The word "high" marks the lines you need; copy each of them from the data.

**Task material:**
++++++++
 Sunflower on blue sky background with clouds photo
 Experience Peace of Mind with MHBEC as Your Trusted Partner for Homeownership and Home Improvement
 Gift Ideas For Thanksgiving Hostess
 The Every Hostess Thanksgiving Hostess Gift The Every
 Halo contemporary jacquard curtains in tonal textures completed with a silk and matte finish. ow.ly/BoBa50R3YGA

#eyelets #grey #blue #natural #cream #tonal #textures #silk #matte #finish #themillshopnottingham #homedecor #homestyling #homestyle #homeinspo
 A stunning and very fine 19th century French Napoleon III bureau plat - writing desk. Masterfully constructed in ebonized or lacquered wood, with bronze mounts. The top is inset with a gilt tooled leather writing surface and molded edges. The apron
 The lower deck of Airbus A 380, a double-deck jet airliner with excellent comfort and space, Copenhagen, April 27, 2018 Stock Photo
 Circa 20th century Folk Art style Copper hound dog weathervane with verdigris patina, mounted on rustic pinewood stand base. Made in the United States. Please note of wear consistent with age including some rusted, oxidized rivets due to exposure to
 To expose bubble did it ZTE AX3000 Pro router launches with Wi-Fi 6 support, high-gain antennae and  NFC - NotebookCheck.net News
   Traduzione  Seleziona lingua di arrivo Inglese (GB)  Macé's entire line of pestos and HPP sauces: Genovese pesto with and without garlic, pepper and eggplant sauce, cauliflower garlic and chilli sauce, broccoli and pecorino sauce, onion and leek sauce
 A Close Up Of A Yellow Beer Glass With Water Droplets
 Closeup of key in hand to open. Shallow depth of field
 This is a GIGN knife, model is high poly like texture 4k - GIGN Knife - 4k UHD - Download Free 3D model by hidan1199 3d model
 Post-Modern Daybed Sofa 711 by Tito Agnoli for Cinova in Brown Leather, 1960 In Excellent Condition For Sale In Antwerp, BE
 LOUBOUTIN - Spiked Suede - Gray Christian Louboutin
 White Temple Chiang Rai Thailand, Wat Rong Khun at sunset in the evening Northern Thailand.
++++++++
**Response for this exercise:**
 To expose bubble did it ZTE AX3000 Pro router launches with Wi-Fi 6 support, high-gain antennae and  NFC - NotebookCheck.net News
 This is a GIGN knife, model is high poly like texture 4k - GIGN Knife - 4k UHD - Download Free 3D model by hidan1199 3d model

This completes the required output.